If the speeches in Thucydides were brought under a technical classification, the Funeral Oration would be the only example of the "panegyrical" or epideictic class; the pleading of the Plataeans and Thebans before the Spartan Commissioners might possibly be called "forensic"; and all the other speeches would be in some sense "deliberative." But such a classification, besides being rather forced, does not correspond to any real differences of structure or form. If the speeches are to be viewed in their literary relation to the History, it is enough to observe that the addresses of leaders to their troops may be regarded as practically forming a class apart.

The right of an adult citizen to attend the debates of the Ecclesia must have been acquired by Thucydides many years before the war began. From its very commencement, as he says, he had formed the purpose of writing its history.
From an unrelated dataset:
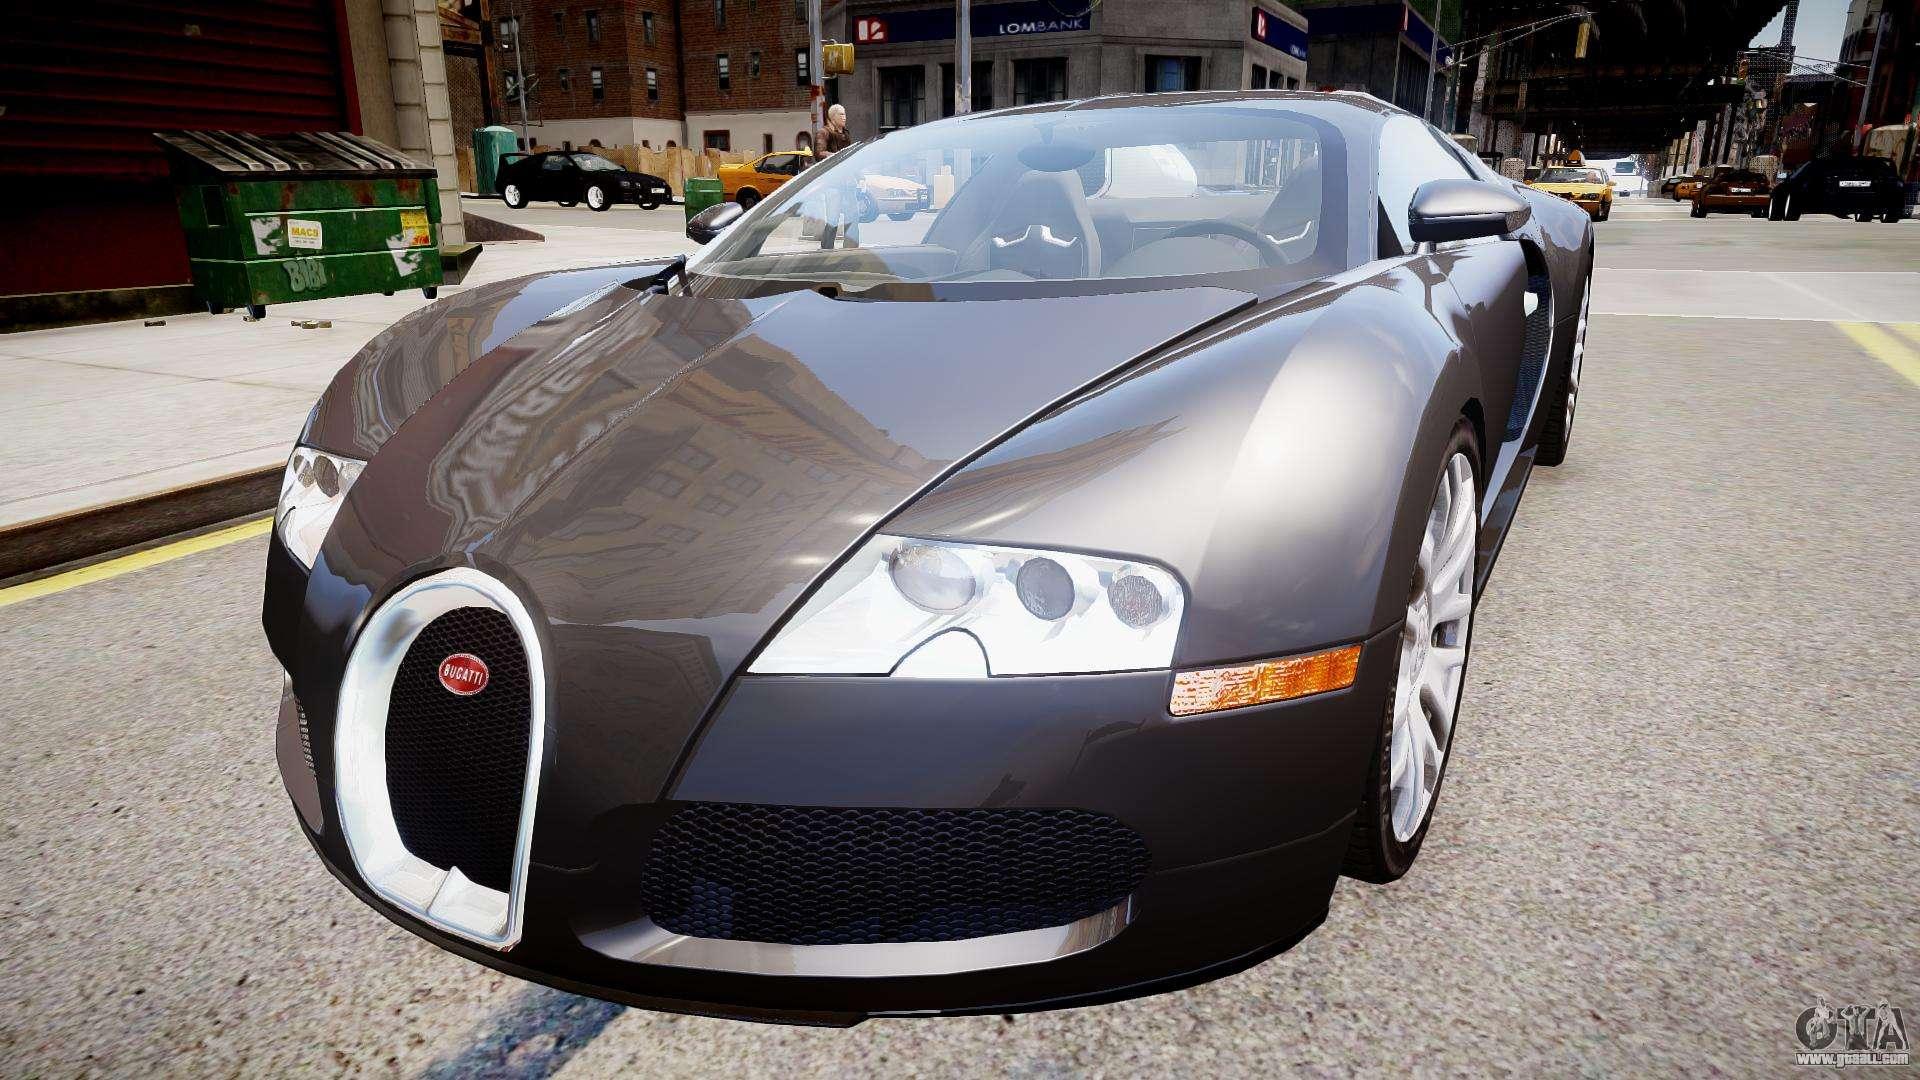 372626-GTAIV-2016-12-24-18-26-11-65 Wonderful Bugatti Veyron Xbox 360 Games Cars Trend

There is every probability that he had heard most or all of the important discussions which took place in the Ecclesia between 433 and 424 B.C. It was in 423 B.C., or at the end of the year before, that his exile of twenty years from Athens began. Thence we can name some at least of the speeches to which he probably refers as heard by himself … and not merely reported to him. Such would be the addresses of the Corcyrean and Corinthian envoys, when they were rival suitors for the Athenian alliance in 433 B.C.; the speeches of Pericles; the debate on Mitylene in 427 B.C.; and the speech of the Lacedaemonian envoys in 425 B.C., making overtures of peace to Athens. If he was not present on all these occasions, still, as a resident citizen, he would have exceptional facilities for obtaining a full and accurate account. Taking this group of speeches first, then, we may consider how far they are apparently historical in substance, or show traces of artificial treatment.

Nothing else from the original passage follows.